We setup two Windows Server 2008 R2 Virtual Machines with 1 vCPU, 1Gb of memory, 1 Virtual Machine Bus Network Adapter (with IC 6.1.7601.17105) and two VHD’s, one dynamic VHD for the OS and one fixed-sized VHD for the test. No changes were made to the physical or virtual network adapter in terms of TCP and other hardware offloads. We simply kept the defaults.

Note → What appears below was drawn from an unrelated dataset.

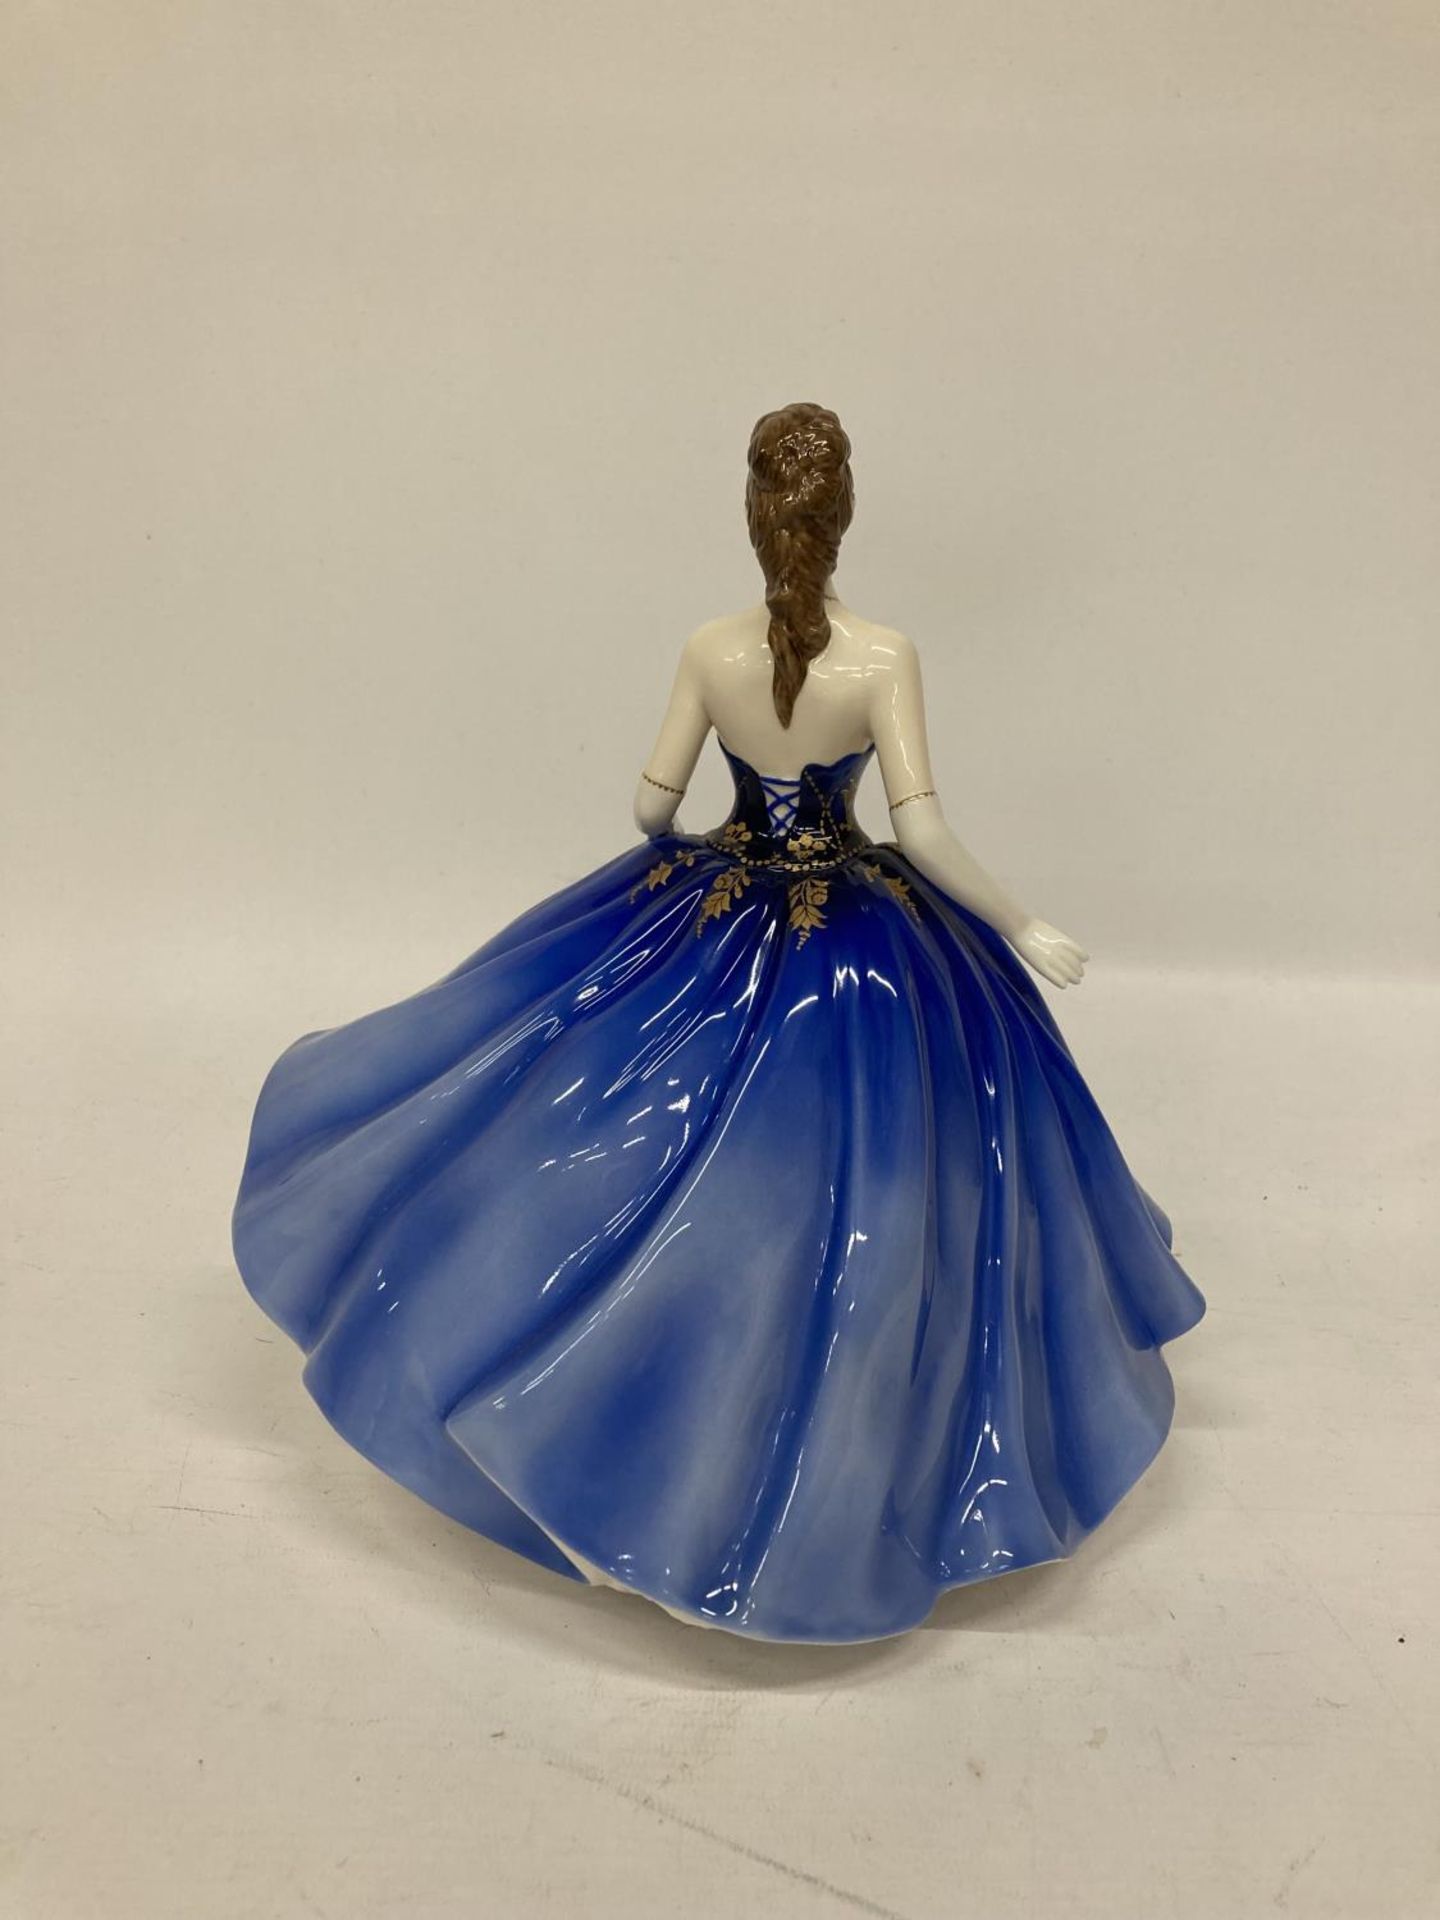 A ROYAL DOULTON FIGURINE FROM THE CLASSICS COLLECTION "ABIGAIL" LADY OF THE YEAR 2006 HN4824 - Image 3 of 5

Test 1: VM to VM on same Hyper-V R2 host in same blade enclosure

Broadcom driver on host 5.2.22.0
Teaming software on host NCU 10.10.0.x
Teaming type Network Fault Tolerance with Preference Order
Network speed 2 x 4Gb (Effectively 4Gb)
Total MB Copied 1.342
Throughput in Mbps 3.436
Result Excellent
Method Average of 10 tests

 

Test 2: VM to VM on two different Hyper-V R2 hosts in same blade enclosure

Broadcom driver on host 5.2.22.0
Teaming software on host NCU 10.10.0.x
Teaming type Network Fault Tolerance with Preference Order
Network speed 2 x 4Gb (Effectively 4Gb)
Total MB Copied 1.342
Throughput in Mbps 319
Result Awful
Method Average of 10 tests

 

Via my HP contacts we learnt that HP has been working to improve network performance specifically for HP BladeSystem, Virtual Connect and the FlexNIC network adapters. It turned out that the slow speeds occurred on the LAN on Motherboard (LOM) B, C and D only. So LOM 1:a and LOM 2:a appeared to perform well. If you don’t split your networks into multiple FlexNICs you wouldn’t have noticed any degradation. However, in a Hyper-V cluster environment you need many more networks.

In this iSCSI connected server we use three teams:

  1. LOM 1:a + 2:a Management_Team (Domain access; managing Hyper-V hosts)
  2. LOM 2:a + 2:b VM_Team (for Virtual Machine communication)
  3. LOM 3:c + 3:c Cluster_Team (Live Migration, Cluster Shared Volumes)

The remaining two ports are used to create a MPIO bundle for connection to the iSCSI network.

image

Because the VM_Team is on LOM B, we suffered very low performance when two VM’s living on different Hyper-V hosts.

To see if the newly built drivers and teaming software (released on december 19th) we updated the Broadcom drivers and the NIC teaming software. The same tests were executed to see the difference.

Test 1: VM to VM on same Hyper-V R2 host in same blade enclosure

Broadcom driver on host 6.0.60.0
Teaming software on host NCU 10.20.0.x
Teaming type Network Fault Tolerance with Preference Order
Network speed 2 x 4Gb (Effectively 4Gb)
Total MB Copied 1.342
Throughput in Mbps 4.139 (+21,7%)
Result Excellent
Method Average of 10 tests

 

Test 2: VM to VM on two different Hyper-V R2 hosts in same blade enclosure

Broadcom driver on host 6.0.60.0
Teaming software on host NCU 10.20.0.x
Teaming type Network Fault Tolerance with Preference Order
Network speed 2 x 4Gb (Effectively 4Gb)
Total MB Copied 1.342
Throughput in Mbps 1363 (+426%)
Result Good
Method Average of 10 tests

 

Although we haven’t tested and compared all LOMs we feel quite confident that network bandwidth is now distributed in a more even way across the different FlexNICs.